Before I tackle today’s topic I would like to call everybody’s attention to Professor Kim Scheppele’s article on the Hungarian government’s attempt to silence the Hungarian Constitutional Court, which lately has found several pieces of legislation unconstitutional. The title of her piece is “Constitutional Revenge”; it appeared on Paul Krugman’s blog in The New York Times. You can read it at

http://krugman.blogs.nytimes.com/2013/03/01/guest-post-constitutional-revenge/

 * * *

I’m afraid I have to write again about the infamous Zsolt Bayer, a scribbler of extremist views. There are tabloid journalists like Bayer everywhere, but Zsolt Bayer is not a run-of-the-mill hack. He holds the #5 membership card of Fidesz. (László Kövér, president of the Hungarian parliament, holds the #1 card.) So, he was one of the original members of the tightly-knit group that eventually transformed their student association into a large and powerful party.

On February 27 Tamás Fellegi, former minister of economic development and minister without portfolio in charge of the nonexistent IMF negotiations, testified before the U.S. House of Representatives Committee on Foreign Affairs (Subcommittee on Africa, Global Health, Global Human Rights, and International Organizations) about “Anti-Semitism: A Growing Threat to All Faiths.” The complete text of his testimony can be read on this blogHere I would like to quote only a couple of sentences from Fellegi’s testimony:

 One should not really argue that certain writings by journalists associated with the center­‐right, such as the infamous commentaries of Zsolt Bayer, cannot be deemed as racist. It is also a fact that there are people associated with the center­‐right political community who support the rehabilitation of the historic period of Admiral Horthy. I am personally against his rehabilitation, and that applies to a wide range of political and literary figures of that era.

Please pay attention to the careful wording. He admits that Zsolt Bayer is considered to be associated with Fidesz–in Fellegi’s word “the center-right”–and that he is a racist. Mind you, Fellegi’s sentence construction is rather complicated, most likely in order to muddy the waters. He also makes it clear that this opinion is his alone. He didn’t say what I think he should have said, that “my party considers Zsolt Bayer a racist and therefore the leadership decided to disassociate itself from him.”

On the very same day that Fellegi testified in Washington about the excellent record of the Orbán government in its resolute fight against antisemitism, Zsolt Bayer celebrated his 50th birthday with friends at the Barabás Villa in Budapest. László Kövér delivered a  toast to Bayer, stating that they “had spent twenty-five years together, through thick and thin and in sadness and joy.
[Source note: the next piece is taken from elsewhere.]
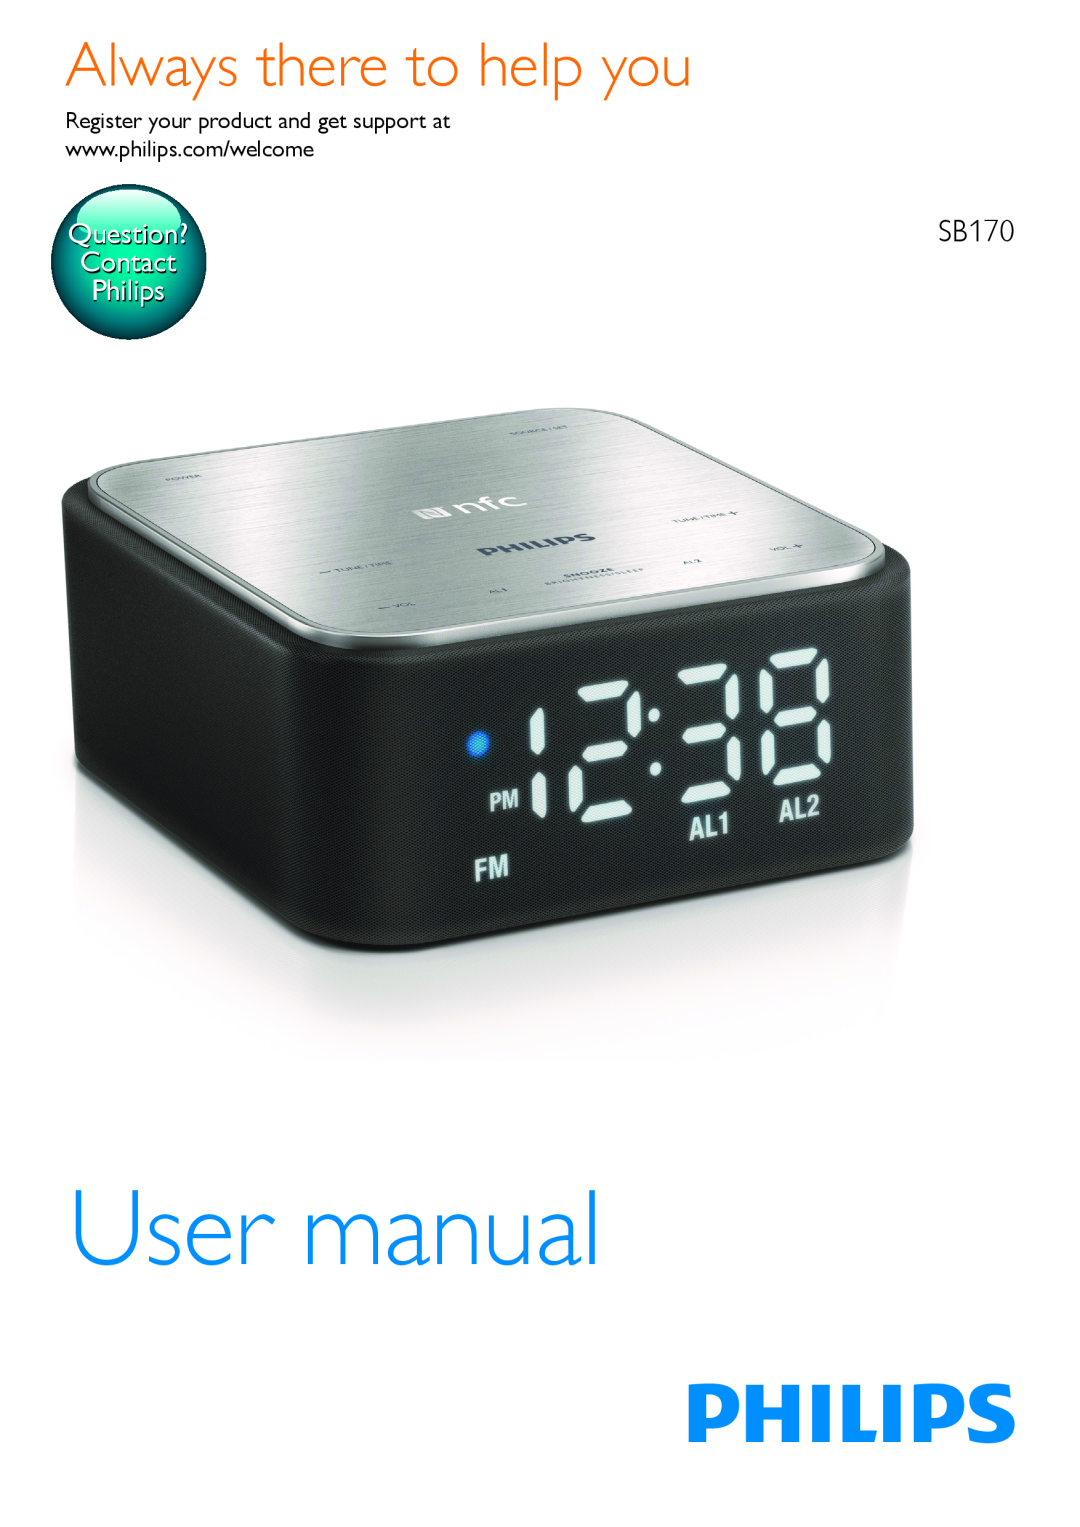 Philips SB170 user manual User manual, Always there to help you, Contact, Question?, Philips

Not once have we disowned each other, and we never will.” That is clear, isn’t it.

Zsolt Bayer, who played a key role in organizing the Peace Marches that Viktor Orbán found so critical to his political self-preservation, is an important man as far as the Orbán government is concerned. And if Bayer didn’t know that before Kövér’s endorsement, he certainly knows it now. And he became emboldened. Three days later came a new article in Magyar Hírlap where Bayer is a senior contributor.
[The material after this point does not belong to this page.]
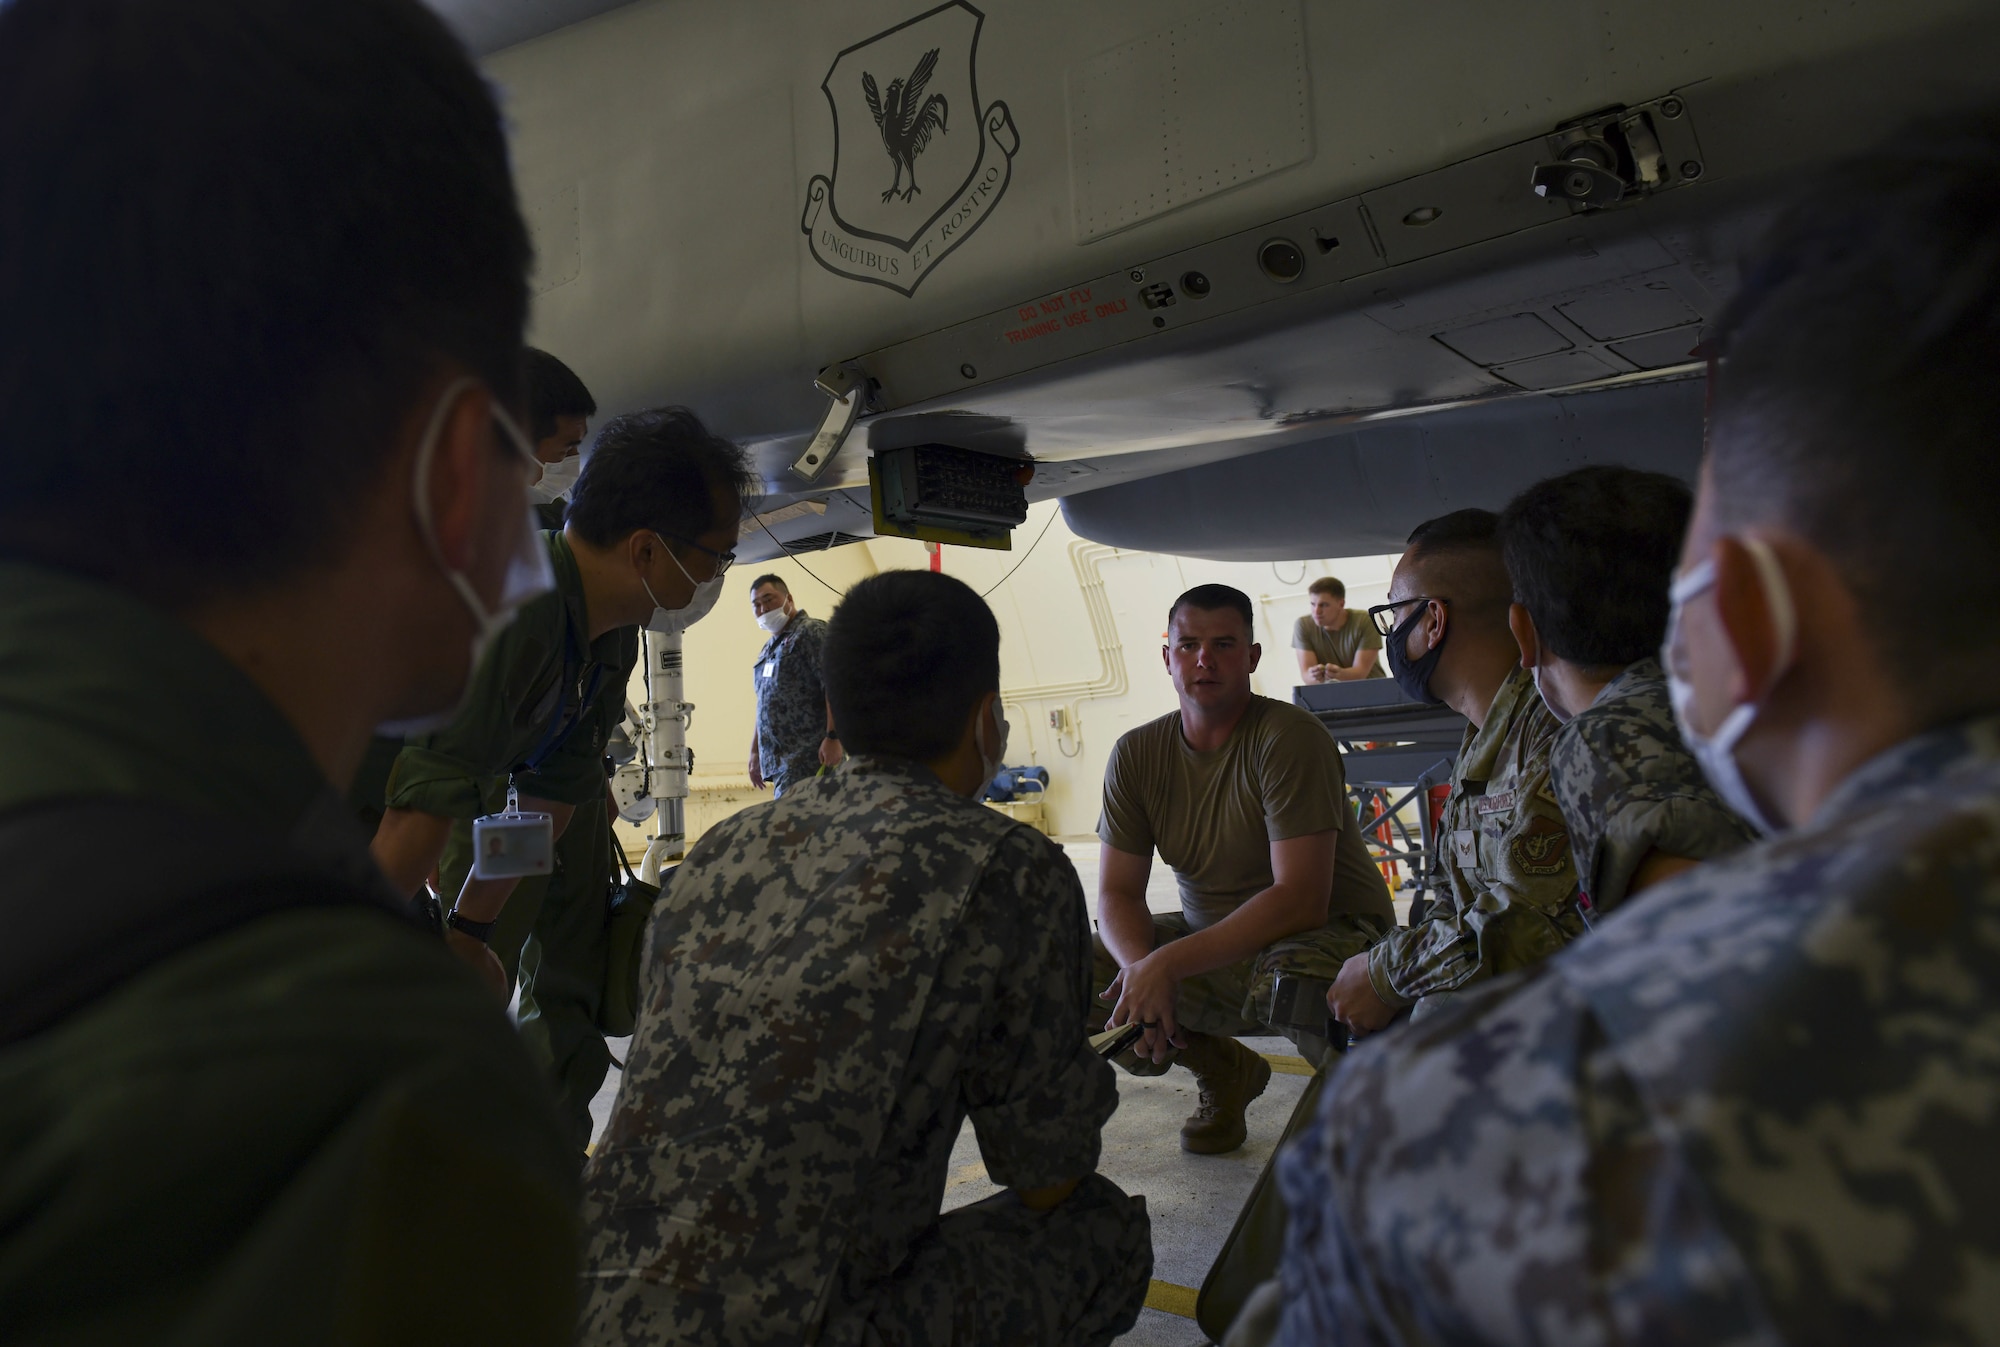 U.S. Air Force Staff Sgt. Zachary Nelson, center, 18th Aircraft Maintenance Squadron F-15 Eagle crew chief instructor, briefs Japan Self-Defense Forces members on hot pit refueling duty responsibilities during a Bilateral Defense of Okinawa Working Group at Kadena Air Base, Japan, Aug. 2, 2022. The BDOWG is an annual event where Japanese and US Forces assigned to Okinawa come together to discuss ways to further bilateral training, operational integration and overall defense, safety, and partnership in the region. (U.S. Air Force photo by Staff Sgt. Savannah L. Waters)

As usual, translating Zsolt Bayer is hellishly difficult. The title of the article poses problems already. “Önsorsrontás” is close to untranslatable as one word. Basically it means that “we ourselves are responsible for our future demise.” The “we” here is “the white, Christian race.” Although Bayer never uses the words “Jew” or “Jewish,” he notes that those who have been doing everything in their power to ruin that white Christian race have been at it ever since 1919. I think the date is significant. After all, this marks the short rule of the Hungarian Soviet Republic, which is considered by the right a “Jewish affair.”

And there is another sinful group in every country–the generation of the 1968 “mummies” who complain about the “fascism that is living with us.” Their complaints about the far right and its dangers are merely a “self-justification” for their existence. These people (Jews, liberals?) organize themselves “in packs and attack their victims like loathsome drooling hyenas.” And here comes a typical Zsolt Bayer sentence: “For you only death is the proper punishment. Because you believe in death, in public executions while your victims are left alone, go bankrupt, their friends deny them, they lose their jobs, and come to a sorry end. This is your goal.” Therefore their sins are immeasurable and they will be punished. Because these mysterious people don’t realize “what monster [they] are trying to resuscitate. In fact, [they] woke him up already.”

Hyena pack

Hyena pack

All that sounds pretty threatening, but then comes the twist. “You don’t foresee yet that it will be only we who raise our voices in your defense. We, the marked victims. We are the only ones to whom you can turn for help. It will be only we who will hide you. Because we are good to the point of ruining ourselves. And take this all very seriously. You miserable ones.”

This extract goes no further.